▶ Prompt
The required output is an exact restatement of the lines, starting with the one that contains "Samsung VCR8841T3B/XEF manual" and finishing with the last line of the listing. It contains no pictures.

▶ Exercise data
++++++++++

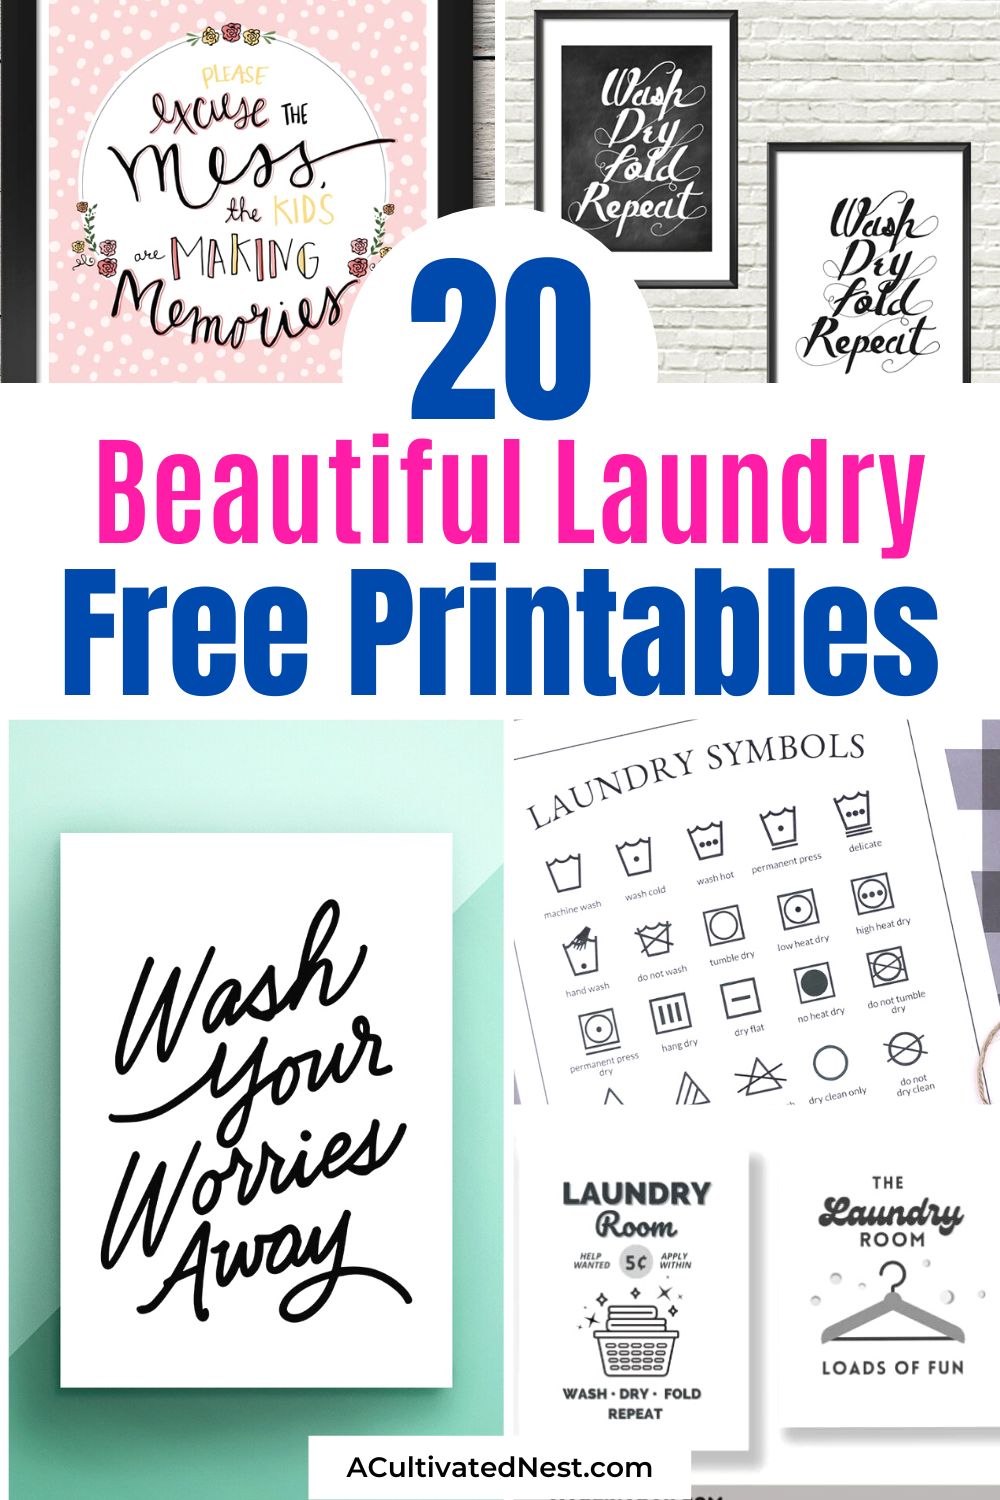 20 jolis imprimables gratuits pour la buanderie - Agrémentez votre buanderie avec un budget limité avec ces magnifiques imprimables gratuits pour la buanderie.  Vous n'aimez peut-être pas tout le linge, mais ceux-ci pourraient le rendre meilleur!  |  #freePrintables #printable #laundryRoom #laundryPrintables #ACultivatedNest
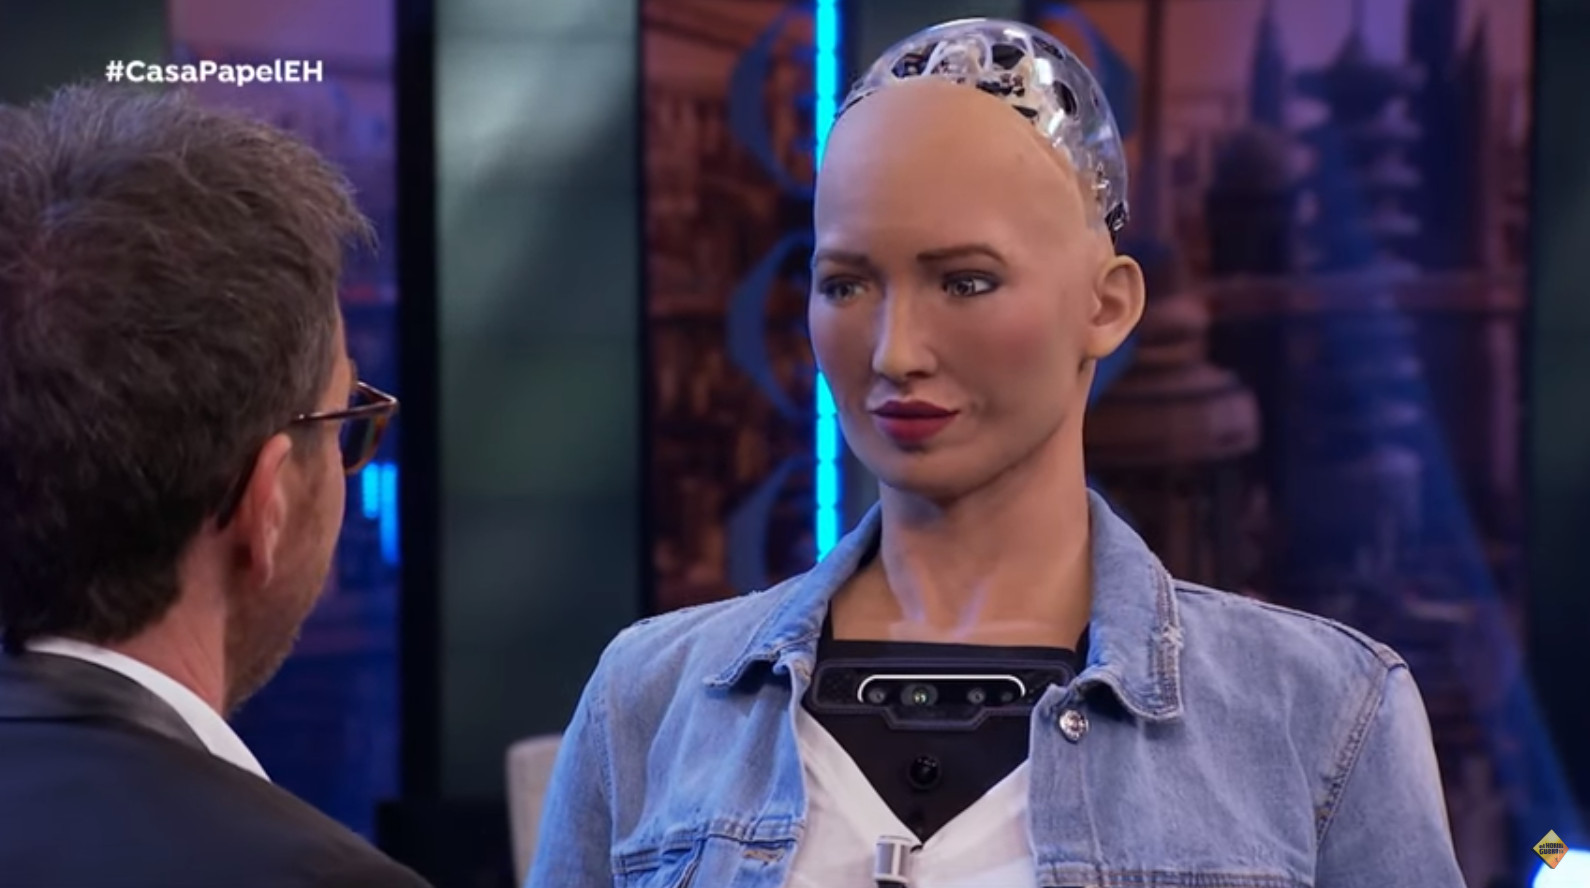 El robot Sophia da una lección a todos los humanos en "El Hormiguero" 1
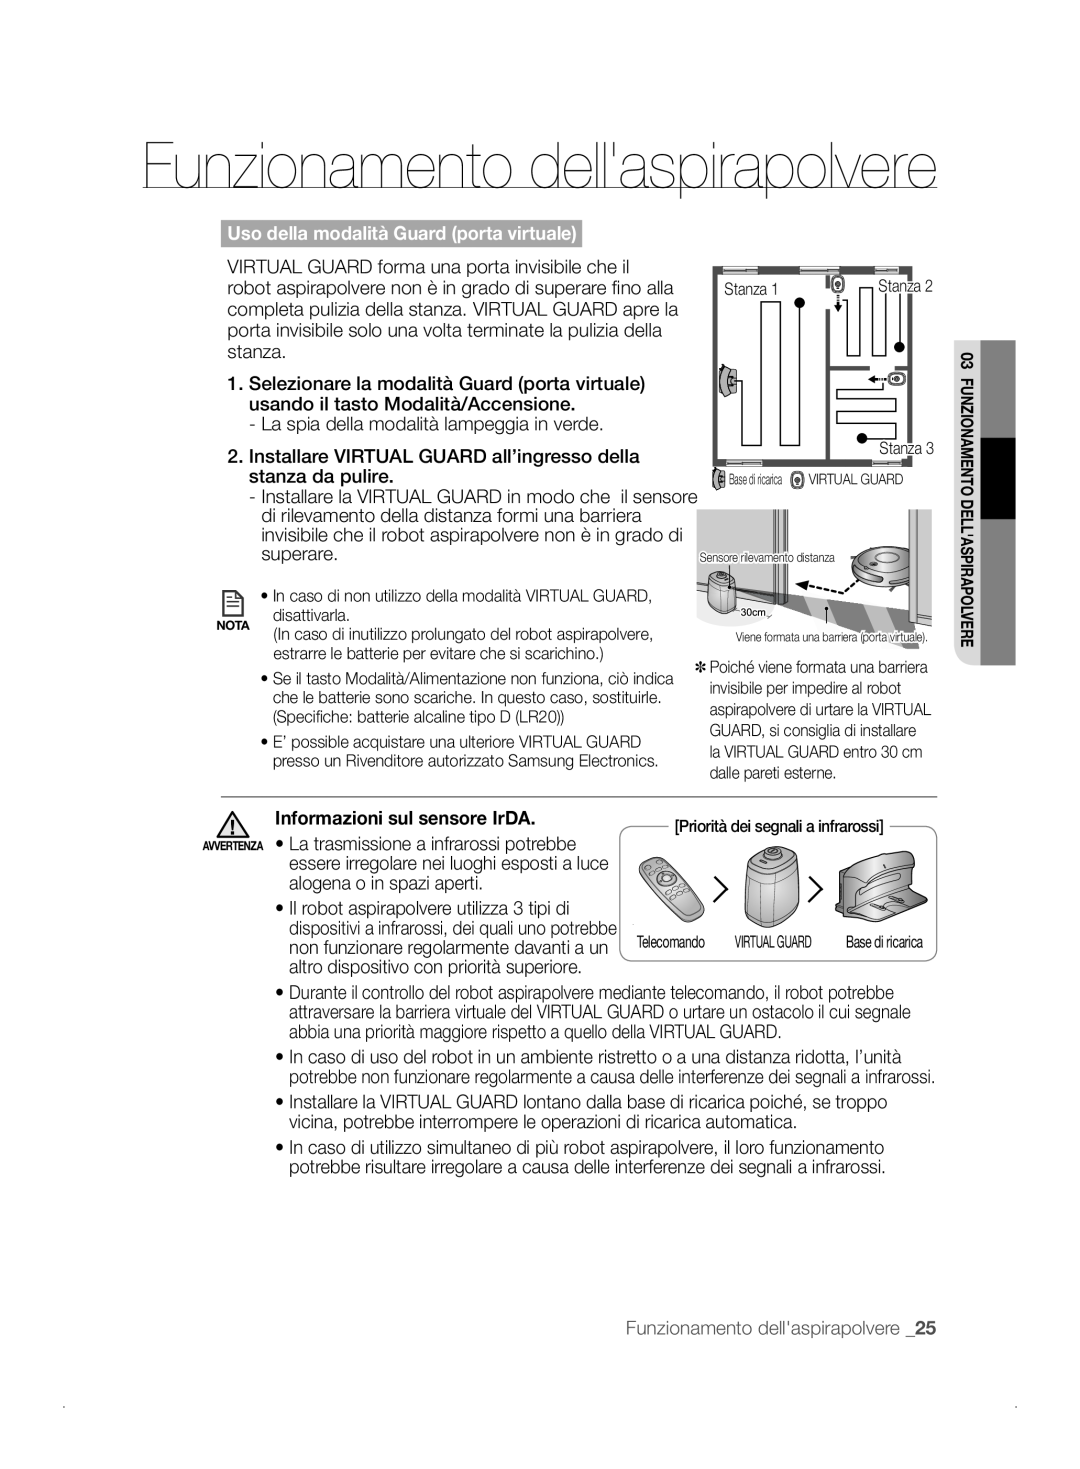 Samsung VCR8841T3B/XEF manual Funzionamento dellaspirapolvere, Uso della modalità Guard porta virtuale 
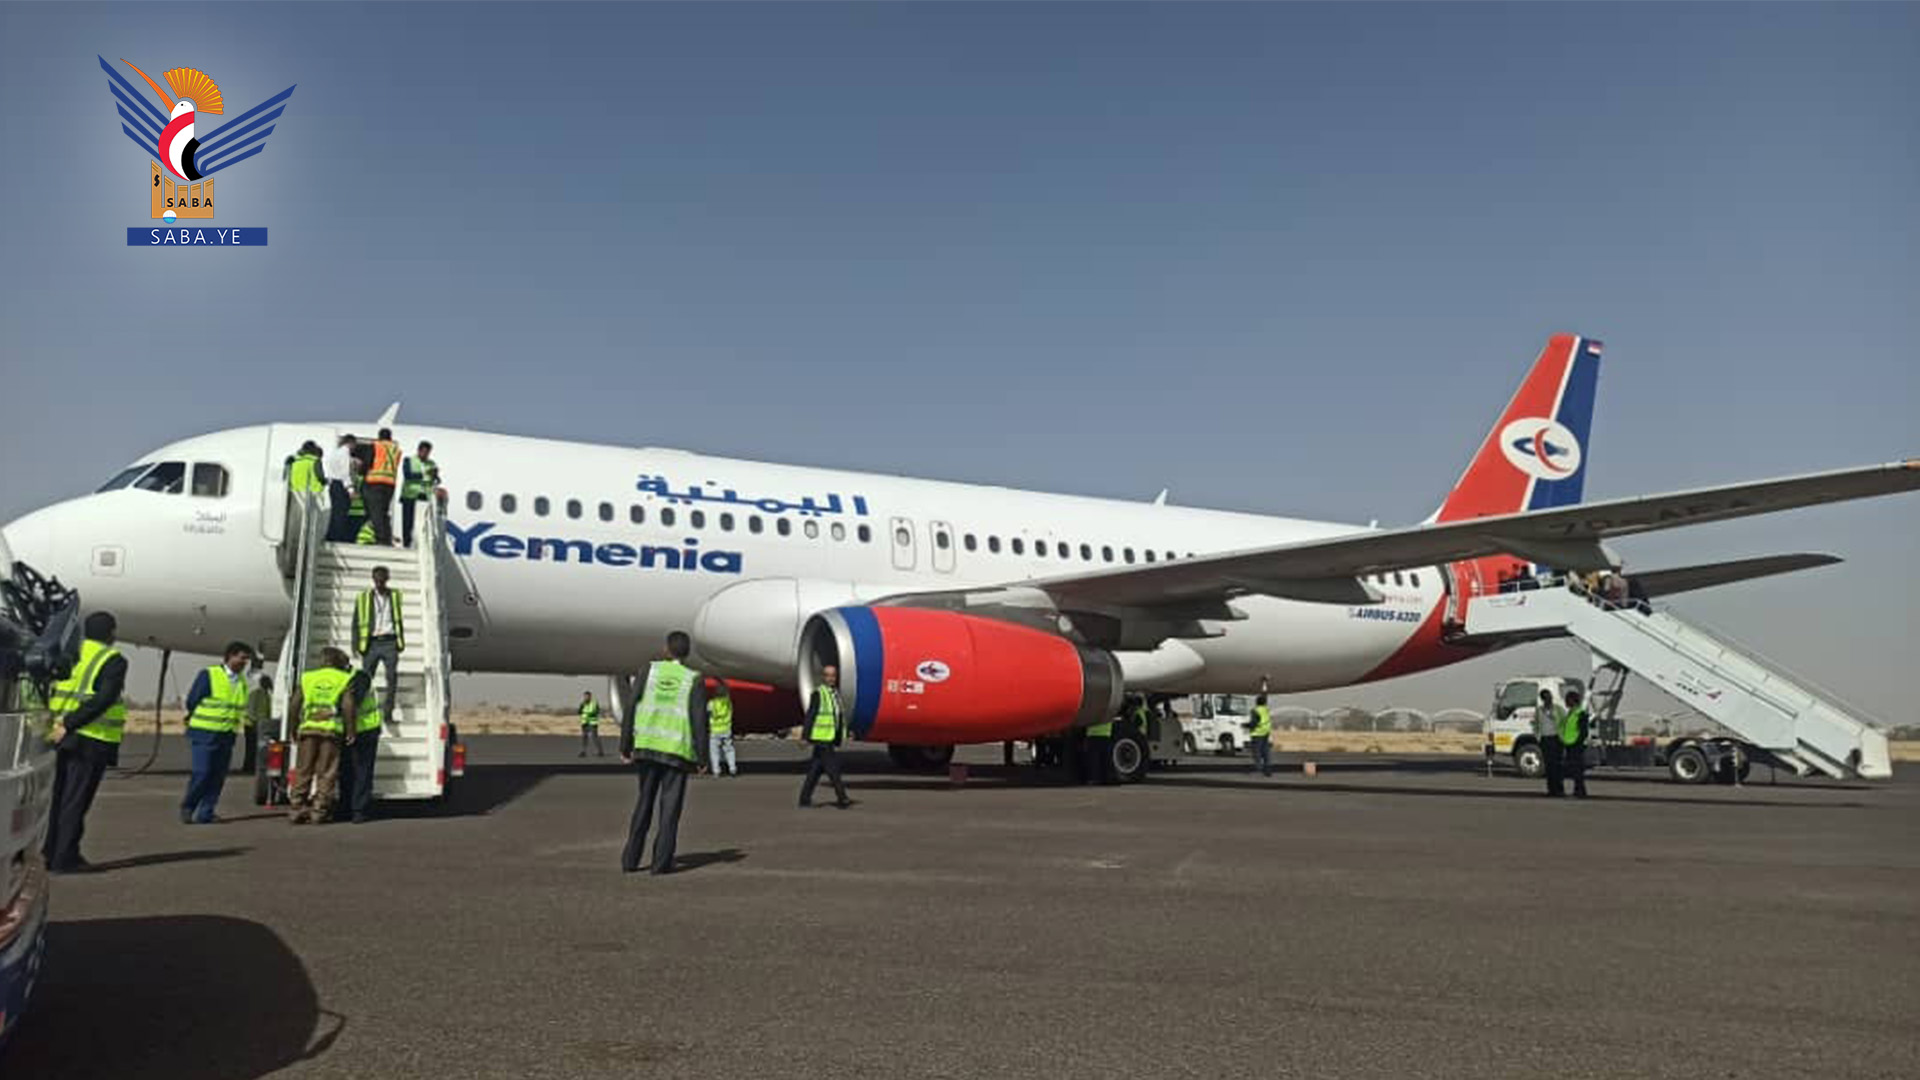   Départ du huitième vol de l'aéroport international de Sana'a vers la Jordanie

++++++++++

▶ Answer area
 Samsung VCR8841T3B/XEF manual Funzionamento dellaspirapolvere, Uso della modalità Guard porta virtuale 
   Départ du huitième vol de l'aéroport international de Sana'a vers la Jordanie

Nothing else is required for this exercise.